- **Task item**: From the entries below, output the line with "Turnerinnen in den" and each following line up to and including the line with "Dạng bài tập", exactly as written.

Data records
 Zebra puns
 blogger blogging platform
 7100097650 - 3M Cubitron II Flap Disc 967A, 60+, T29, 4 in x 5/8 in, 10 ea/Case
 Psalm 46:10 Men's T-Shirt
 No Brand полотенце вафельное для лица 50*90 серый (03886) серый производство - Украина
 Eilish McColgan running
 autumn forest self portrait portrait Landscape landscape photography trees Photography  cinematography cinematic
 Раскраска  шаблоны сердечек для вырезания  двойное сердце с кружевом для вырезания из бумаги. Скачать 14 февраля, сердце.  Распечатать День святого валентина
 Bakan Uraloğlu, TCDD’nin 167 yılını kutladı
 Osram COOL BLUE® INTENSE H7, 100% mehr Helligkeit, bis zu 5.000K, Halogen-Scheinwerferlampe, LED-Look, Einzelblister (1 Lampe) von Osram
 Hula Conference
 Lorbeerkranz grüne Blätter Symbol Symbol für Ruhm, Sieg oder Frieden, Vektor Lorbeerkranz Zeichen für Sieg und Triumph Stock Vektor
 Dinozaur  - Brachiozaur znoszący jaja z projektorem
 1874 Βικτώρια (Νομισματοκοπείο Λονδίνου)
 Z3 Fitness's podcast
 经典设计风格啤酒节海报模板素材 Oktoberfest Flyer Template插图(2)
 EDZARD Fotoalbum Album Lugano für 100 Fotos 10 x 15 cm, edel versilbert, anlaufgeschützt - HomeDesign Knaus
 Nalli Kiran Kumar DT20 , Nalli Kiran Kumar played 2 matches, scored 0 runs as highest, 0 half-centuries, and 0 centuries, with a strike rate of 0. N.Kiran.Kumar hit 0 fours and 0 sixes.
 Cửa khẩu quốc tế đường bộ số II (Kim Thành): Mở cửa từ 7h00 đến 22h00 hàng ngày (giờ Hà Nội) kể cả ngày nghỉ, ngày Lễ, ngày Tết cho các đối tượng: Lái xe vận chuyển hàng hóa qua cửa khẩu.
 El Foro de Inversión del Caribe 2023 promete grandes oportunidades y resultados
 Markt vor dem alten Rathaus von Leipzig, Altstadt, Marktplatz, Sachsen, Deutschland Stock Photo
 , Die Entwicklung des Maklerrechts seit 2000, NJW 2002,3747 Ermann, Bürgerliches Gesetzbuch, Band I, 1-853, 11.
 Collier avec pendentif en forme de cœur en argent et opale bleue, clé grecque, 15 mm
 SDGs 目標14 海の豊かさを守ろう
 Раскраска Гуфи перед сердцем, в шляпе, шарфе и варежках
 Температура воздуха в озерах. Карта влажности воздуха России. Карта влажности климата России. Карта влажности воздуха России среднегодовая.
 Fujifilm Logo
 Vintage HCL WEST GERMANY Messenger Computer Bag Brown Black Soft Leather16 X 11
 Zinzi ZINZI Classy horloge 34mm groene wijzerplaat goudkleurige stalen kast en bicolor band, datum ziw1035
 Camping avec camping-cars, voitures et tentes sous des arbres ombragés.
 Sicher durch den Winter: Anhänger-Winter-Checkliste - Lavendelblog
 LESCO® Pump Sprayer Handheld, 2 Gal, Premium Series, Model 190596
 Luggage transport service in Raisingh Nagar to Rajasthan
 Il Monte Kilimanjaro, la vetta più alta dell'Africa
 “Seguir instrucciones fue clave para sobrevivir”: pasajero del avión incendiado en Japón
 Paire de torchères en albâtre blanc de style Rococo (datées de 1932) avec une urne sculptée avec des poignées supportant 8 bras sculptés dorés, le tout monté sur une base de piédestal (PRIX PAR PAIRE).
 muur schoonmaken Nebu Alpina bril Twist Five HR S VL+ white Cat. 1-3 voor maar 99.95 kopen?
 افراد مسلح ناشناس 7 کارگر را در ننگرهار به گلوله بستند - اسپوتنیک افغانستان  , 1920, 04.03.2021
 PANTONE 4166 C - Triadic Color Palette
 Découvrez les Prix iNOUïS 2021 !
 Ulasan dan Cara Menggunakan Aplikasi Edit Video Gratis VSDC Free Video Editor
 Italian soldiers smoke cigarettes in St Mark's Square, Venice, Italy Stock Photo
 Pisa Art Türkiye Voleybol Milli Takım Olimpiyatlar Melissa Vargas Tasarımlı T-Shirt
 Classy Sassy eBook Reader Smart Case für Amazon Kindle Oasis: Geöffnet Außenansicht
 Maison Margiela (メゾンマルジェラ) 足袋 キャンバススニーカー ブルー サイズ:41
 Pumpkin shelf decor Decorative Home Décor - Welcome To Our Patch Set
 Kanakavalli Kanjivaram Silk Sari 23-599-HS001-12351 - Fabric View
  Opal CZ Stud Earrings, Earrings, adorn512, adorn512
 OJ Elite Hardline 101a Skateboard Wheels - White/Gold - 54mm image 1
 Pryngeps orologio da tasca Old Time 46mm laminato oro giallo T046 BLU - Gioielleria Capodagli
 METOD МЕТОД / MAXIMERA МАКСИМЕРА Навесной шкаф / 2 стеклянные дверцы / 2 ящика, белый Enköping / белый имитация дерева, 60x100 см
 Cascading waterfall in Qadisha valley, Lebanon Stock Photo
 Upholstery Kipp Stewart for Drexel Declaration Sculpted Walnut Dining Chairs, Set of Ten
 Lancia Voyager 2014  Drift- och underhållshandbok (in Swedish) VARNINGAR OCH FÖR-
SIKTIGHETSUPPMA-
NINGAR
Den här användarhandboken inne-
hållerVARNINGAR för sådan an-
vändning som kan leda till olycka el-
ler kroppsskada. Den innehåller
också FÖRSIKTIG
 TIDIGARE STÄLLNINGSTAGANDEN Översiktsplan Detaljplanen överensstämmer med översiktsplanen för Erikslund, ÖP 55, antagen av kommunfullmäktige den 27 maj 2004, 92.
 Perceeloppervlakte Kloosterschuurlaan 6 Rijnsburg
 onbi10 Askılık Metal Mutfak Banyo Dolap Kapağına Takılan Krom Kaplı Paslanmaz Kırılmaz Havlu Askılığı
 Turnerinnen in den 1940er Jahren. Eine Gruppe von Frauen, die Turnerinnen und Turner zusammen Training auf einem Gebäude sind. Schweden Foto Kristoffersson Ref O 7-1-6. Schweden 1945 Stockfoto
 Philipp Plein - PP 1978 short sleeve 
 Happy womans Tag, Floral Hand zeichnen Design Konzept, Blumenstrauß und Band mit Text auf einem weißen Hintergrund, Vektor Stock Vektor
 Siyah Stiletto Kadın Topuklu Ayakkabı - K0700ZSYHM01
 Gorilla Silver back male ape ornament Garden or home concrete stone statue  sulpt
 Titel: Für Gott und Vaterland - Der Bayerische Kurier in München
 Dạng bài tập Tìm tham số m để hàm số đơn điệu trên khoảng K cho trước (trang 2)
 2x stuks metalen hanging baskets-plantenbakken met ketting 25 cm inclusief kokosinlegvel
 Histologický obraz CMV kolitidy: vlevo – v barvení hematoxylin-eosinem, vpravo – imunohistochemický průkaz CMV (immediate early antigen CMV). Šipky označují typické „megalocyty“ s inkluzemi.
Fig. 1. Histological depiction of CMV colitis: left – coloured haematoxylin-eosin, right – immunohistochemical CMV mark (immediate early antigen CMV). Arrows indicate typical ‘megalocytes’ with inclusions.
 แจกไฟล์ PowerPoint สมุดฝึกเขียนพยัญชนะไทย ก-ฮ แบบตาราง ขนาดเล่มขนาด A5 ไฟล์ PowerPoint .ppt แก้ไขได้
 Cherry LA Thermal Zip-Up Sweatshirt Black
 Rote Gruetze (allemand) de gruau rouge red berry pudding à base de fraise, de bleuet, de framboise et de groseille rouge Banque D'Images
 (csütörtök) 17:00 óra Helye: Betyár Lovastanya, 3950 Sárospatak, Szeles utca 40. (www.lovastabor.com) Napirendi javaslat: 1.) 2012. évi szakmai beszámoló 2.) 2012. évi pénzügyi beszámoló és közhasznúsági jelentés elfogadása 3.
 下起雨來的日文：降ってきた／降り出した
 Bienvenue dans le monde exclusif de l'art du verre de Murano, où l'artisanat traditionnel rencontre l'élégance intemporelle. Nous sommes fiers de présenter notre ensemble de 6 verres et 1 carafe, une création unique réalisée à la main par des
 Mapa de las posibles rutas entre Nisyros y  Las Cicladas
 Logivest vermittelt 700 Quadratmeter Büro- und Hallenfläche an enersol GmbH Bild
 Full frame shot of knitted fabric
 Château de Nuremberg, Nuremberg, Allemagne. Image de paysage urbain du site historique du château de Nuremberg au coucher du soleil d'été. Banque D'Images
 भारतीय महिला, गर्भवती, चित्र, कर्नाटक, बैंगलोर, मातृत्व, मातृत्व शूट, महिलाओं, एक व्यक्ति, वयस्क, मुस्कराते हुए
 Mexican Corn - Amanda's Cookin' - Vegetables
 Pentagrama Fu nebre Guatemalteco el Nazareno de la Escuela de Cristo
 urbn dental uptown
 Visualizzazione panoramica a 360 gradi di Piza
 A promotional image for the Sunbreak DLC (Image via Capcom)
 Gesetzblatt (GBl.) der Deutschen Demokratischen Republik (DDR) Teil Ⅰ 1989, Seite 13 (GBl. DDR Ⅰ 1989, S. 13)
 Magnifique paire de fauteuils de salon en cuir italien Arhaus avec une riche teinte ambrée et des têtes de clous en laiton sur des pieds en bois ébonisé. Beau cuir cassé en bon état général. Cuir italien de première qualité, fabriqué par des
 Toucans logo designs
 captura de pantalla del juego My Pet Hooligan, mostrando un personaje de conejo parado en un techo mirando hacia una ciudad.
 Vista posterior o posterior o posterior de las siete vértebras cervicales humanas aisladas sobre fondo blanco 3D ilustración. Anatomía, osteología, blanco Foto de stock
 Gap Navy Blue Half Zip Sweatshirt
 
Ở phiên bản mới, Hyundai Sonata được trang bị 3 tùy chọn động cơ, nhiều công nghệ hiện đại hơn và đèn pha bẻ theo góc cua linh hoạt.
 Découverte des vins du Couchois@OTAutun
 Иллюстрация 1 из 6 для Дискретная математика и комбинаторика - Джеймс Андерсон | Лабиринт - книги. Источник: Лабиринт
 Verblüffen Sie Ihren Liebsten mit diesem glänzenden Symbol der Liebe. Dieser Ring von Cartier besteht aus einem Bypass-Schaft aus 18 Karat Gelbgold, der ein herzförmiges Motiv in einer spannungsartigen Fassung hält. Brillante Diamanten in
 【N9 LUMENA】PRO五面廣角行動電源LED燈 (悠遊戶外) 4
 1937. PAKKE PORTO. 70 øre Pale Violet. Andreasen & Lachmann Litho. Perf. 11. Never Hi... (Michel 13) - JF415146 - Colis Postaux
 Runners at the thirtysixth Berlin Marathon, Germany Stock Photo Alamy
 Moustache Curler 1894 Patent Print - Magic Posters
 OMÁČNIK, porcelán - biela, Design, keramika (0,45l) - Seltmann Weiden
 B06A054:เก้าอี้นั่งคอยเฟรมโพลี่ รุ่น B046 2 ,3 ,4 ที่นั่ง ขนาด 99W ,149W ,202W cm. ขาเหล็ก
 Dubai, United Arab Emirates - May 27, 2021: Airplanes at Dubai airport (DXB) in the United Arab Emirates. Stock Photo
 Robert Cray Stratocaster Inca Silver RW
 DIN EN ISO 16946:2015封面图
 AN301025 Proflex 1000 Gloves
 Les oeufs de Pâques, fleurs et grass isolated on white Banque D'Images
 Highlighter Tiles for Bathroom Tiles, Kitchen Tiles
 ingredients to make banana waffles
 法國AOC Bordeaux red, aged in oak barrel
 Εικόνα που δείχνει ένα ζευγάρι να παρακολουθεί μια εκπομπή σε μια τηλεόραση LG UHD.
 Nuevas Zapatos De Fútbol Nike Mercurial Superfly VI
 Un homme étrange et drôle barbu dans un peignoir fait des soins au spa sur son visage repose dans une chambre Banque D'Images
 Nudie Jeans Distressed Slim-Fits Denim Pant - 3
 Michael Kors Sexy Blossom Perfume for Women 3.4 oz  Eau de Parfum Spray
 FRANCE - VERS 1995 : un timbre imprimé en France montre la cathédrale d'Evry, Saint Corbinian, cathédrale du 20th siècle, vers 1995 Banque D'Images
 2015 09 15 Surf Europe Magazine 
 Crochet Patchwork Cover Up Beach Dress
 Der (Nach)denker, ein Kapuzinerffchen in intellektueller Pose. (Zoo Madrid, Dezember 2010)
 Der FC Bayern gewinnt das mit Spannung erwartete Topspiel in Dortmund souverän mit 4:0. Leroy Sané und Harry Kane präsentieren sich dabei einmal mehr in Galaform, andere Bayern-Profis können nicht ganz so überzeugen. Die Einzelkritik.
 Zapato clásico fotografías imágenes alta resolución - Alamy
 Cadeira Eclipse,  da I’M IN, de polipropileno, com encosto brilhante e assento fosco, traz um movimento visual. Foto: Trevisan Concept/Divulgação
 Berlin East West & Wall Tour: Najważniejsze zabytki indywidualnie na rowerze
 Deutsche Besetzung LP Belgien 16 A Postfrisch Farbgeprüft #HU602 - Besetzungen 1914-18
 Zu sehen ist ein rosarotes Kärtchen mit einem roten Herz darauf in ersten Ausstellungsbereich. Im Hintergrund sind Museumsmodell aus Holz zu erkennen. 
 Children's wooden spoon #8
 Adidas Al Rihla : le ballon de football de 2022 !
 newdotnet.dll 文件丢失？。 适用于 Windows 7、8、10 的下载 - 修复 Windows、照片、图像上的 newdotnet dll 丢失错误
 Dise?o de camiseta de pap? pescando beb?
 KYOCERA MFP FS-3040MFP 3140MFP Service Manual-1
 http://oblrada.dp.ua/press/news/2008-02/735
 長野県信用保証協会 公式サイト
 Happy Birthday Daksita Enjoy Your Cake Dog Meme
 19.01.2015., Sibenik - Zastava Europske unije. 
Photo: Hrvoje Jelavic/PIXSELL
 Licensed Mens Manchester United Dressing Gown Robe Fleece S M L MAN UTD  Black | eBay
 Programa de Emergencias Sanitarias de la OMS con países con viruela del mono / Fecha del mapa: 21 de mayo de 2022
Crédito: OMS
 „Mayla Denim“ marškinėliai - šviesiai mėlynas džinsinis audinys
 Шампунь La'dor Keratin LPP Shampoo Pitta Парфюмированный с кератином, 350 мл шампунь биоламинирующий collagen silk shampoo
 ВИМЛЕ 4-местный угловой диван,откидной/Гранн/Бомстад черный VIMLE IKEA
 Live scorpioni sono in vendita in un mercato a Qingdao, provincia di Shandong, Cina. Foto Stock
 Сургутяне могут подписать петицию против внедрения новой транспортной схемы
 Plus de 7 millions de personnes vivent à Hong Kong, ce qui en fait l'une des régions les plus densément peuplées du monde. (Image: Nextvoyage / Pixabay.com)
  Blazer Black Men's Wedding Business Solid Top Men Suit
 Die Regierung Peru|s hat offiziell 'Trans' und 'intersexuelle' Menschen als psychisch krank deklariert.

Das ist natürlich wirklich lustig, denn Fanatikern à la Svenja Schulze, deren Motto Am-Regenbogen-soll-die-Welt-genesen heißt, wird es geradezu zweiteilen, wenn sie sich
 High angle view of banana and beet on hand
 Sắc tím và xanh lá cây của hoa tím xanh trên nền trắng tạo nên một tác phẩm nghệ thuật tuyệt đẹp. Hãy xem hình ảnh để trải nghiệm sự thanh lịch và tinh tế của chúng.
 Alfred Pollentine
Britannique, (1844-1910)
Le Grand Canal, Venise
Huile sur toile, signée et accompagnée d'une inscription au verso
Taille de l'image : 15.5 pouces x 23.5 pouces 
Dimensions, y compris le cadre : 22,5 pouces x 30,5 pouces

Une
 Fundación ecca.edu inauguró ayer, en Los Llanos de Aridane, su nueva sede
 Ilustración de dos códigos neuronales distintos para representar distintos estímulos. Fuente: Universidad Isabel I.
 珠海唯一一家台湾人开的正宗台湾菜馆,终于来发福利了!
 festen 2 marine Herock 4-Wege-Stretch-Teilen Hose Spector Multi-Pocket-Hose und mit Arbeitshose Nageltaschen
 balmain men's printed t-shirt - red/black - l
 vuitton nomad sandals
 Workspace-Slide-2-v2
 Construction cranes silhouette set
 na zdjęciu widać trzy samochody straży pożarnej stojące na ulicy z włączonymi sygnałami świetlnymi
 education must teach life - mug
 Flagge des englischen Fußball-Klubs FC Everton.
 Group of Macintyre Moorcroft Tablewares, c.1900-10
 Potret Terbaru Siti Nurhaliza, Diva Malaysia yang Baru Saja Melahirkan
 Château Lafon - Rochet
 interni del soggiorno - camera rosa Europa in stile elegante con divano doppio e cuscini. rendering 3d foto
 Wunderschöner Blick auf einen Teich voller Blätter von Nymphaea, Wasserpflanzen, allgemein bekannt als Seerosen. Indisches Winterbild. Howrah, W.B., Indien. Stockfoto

- **Task answer**:
 Turnerinnen in den 1940er Jahren. Eine Gruppe von Frauen, die Turnerinnen und Turner zusammen Training auf einem Gebäude sind. Schweden Foto Kristoffersson Ref O 7-1-6. Schweden 1945 Stockfoto
 Philipp Plein - PP 1978 short sleeve 
 Happy womans Tag, Floral Hand zeichnen Design Konzept, Blumenstrauß und Band mit Text auf einem weißen Hintergrund, Vektor Stock Vektor
 Siyah Stiletto Kadın Topuklu Ayakkabı - K0700ZSYHM01
 Gorilla Silver back male ape ornament Garden or home concrete stone statue  sulpt
 Titel: Für Gott und Vaterland - Der Bayerische Kurier in München
 Dạng bài tập Tìm tham số m để hàm số đơn điệu trên khoảng K cho trước (trang 2)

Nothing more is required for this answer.